Para isso, nos dedicaremos em um primeiro momento a realizar um levantamento de políticas públicas em saúde mental no Brasil, de 1991 a 2012, ou seja, desde a implantação da política do Sistema Único de Saúde (SUS) até os dias atuais. Após esse levantamento, partiremos para a colocação da seguinte a questão: como se dá a implantação dessas políticas no município de São João del Rei?

 

Políticas públicas: uma breve conceituação

Antes de continuarmos a explicitar nosso eixo da pesquisa, contudo, consideramos importante trazer algumas considerações sobre o que é política pública. O conceito de política pública não é unânime. Ao tratar deste tema, diversos teóricos apresentam suas próprias definições. Para Hofling (2001), por exemplo, políticas públicas devem ser entendidas como responsabilidade do Estado, no tange à sua implementação e manutenção, em que decisões são tomadas em conjunto com diferentes organismos e agentes da sociedade envolvidos na questão a ser tratada.

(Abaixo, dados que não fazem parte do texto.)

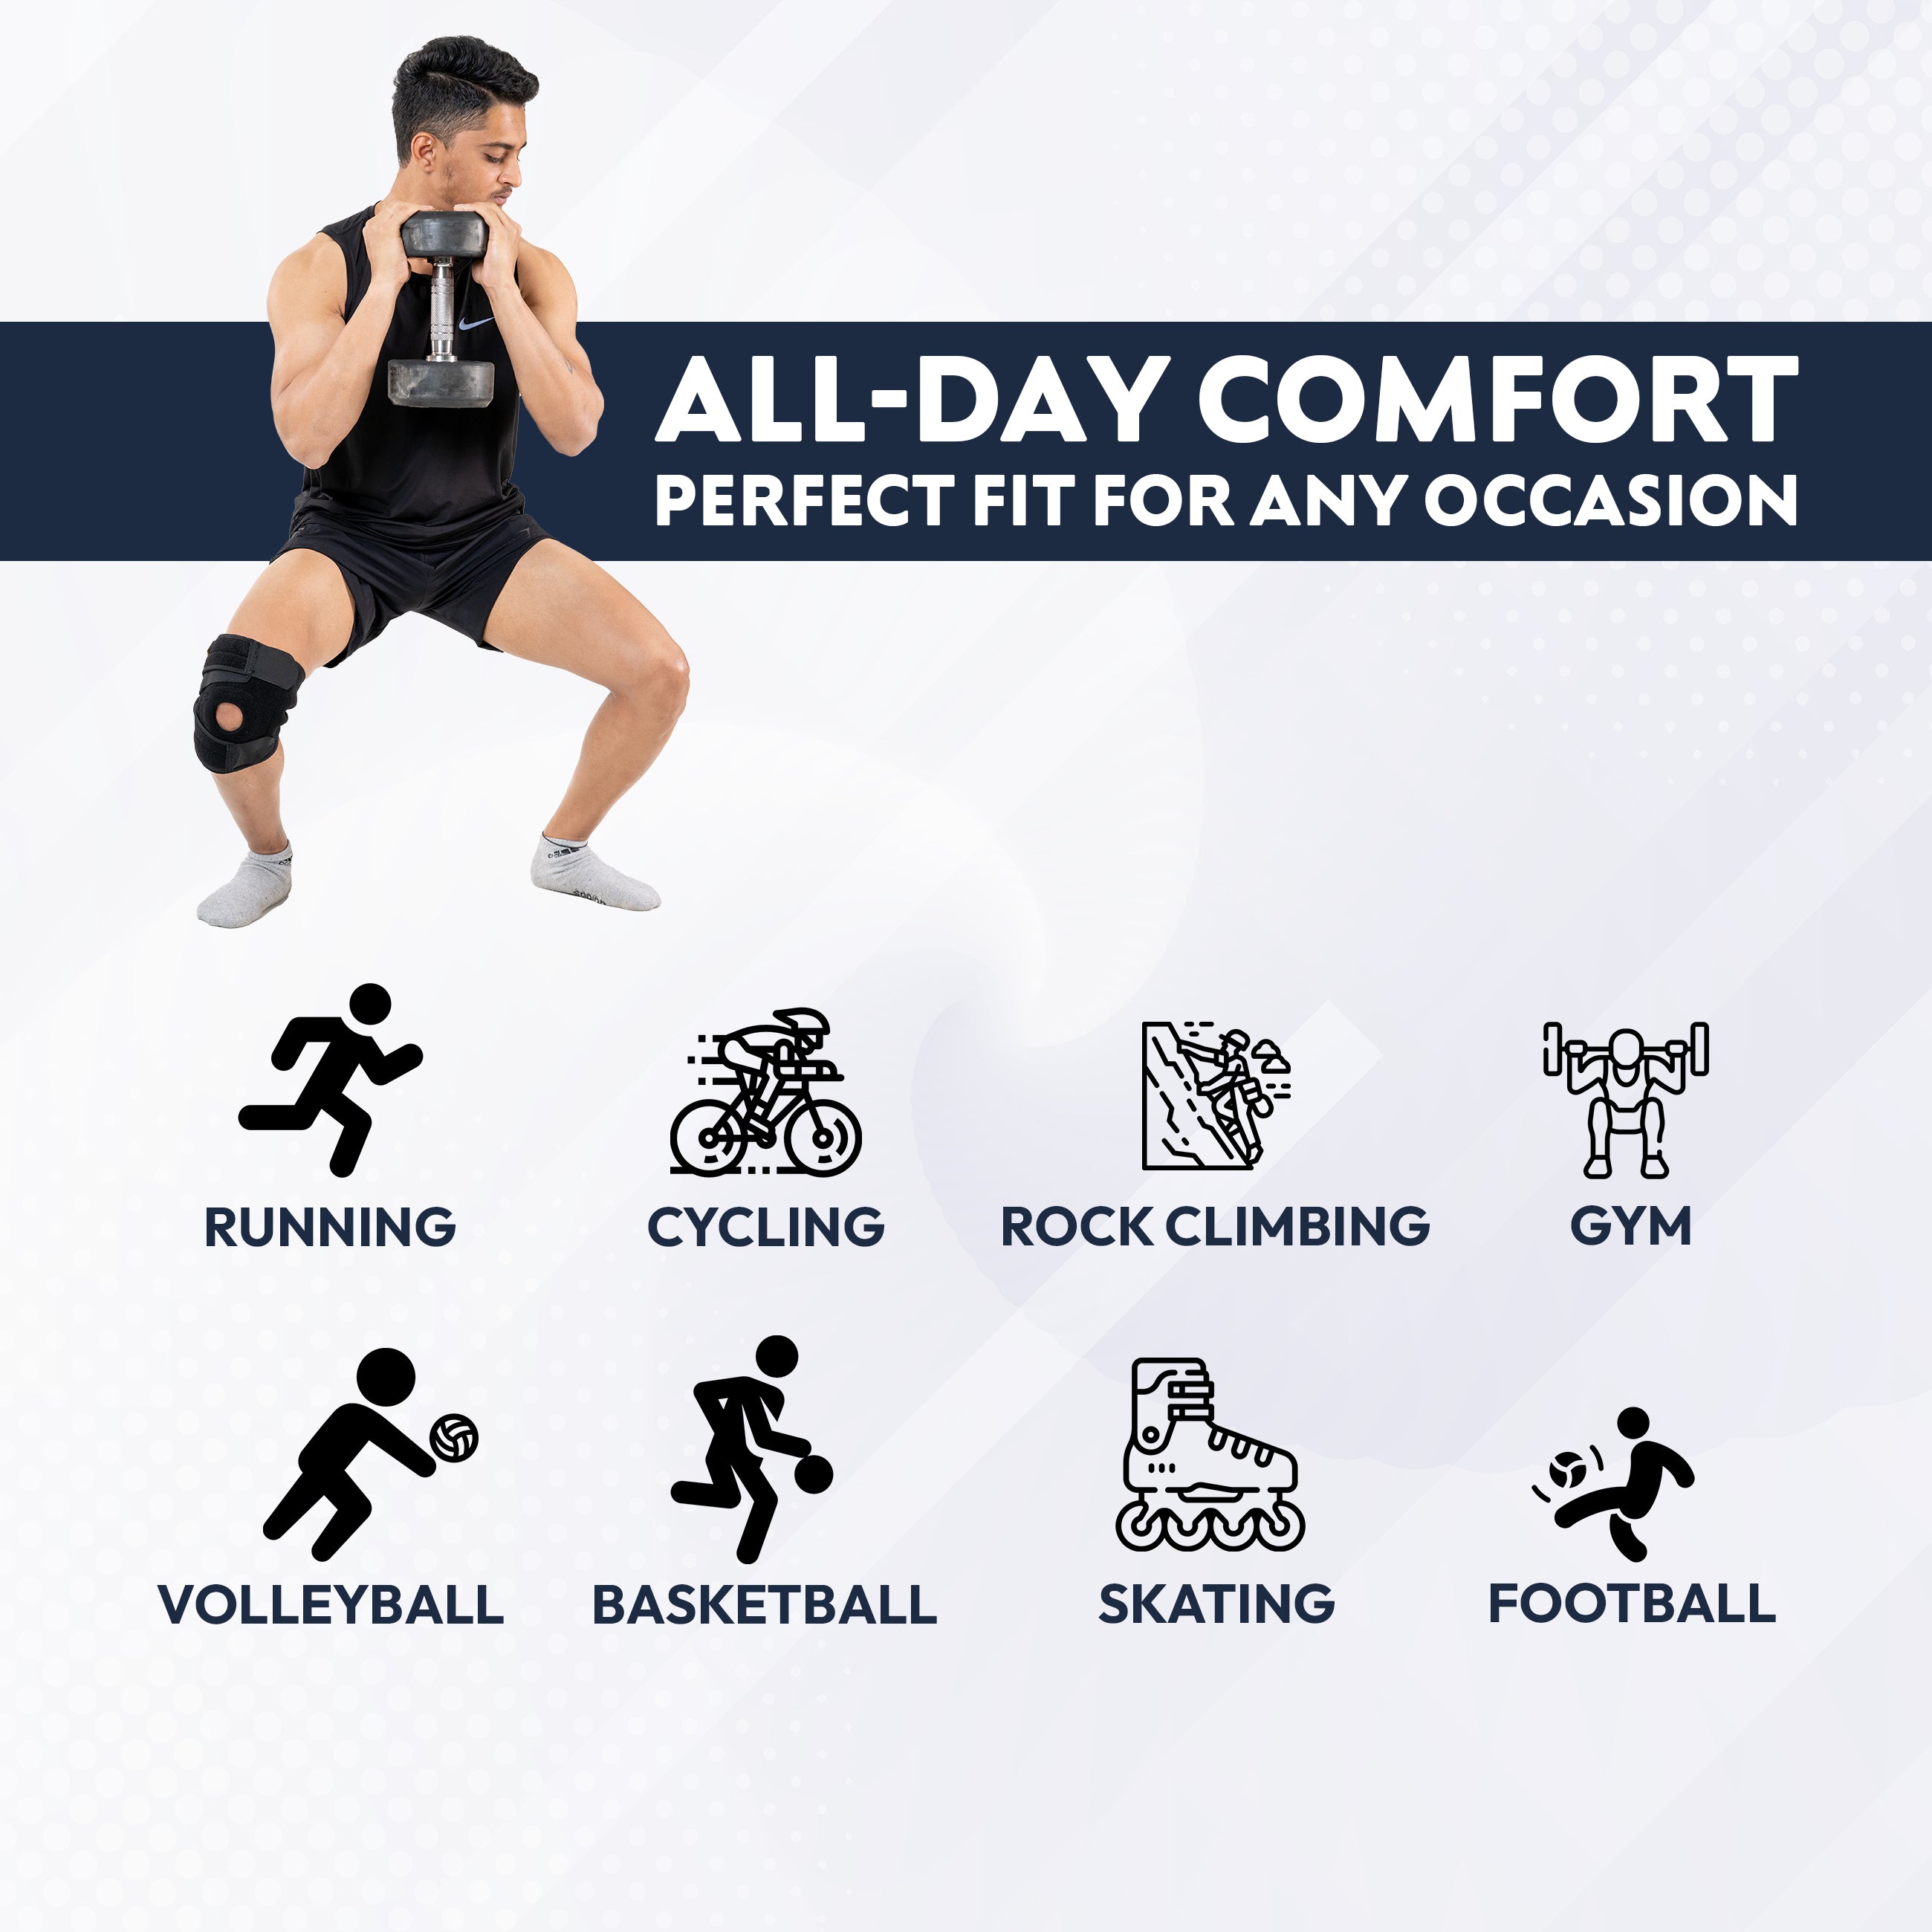 I5Joints-Non Slip Knee Brace-Specially Designed for Sports(Premium Knee Support Open Patella, Breathable Knee Cap Brace for Arthritis, Pain Relief, Sports for Men & Women)

Mead (1995, p.68), por sua vez, a define como "um campo dentro do estudo da política que analisa o governo à luz de grandes questões públicas". Já a concepção de que políticas públicas refletem um jogo de interesses no curso de ação do Estado é defendida por Reis (1989). Nascida como subárea da ciência política, a área de políticas públicas também deve ser pensada a partir da dimensão do laço social. De acordo com Souza (2007), podemos resumir política pública como campo do conhecimento capaz de analisar as ações do governo e, quando necessário, propor mudanças nessa direção.

No Brasil, é evidente a participação e o envolvimento de grupos e movimentos sociais na formulação de políticas públicas (Costa, 1989; Reis, 1989; Jacobi, 1989; Stotz, 1994), tais como as políticas de saúde mental, que sofreram influência da reforma psiquiátrica e do movimento sanitarista.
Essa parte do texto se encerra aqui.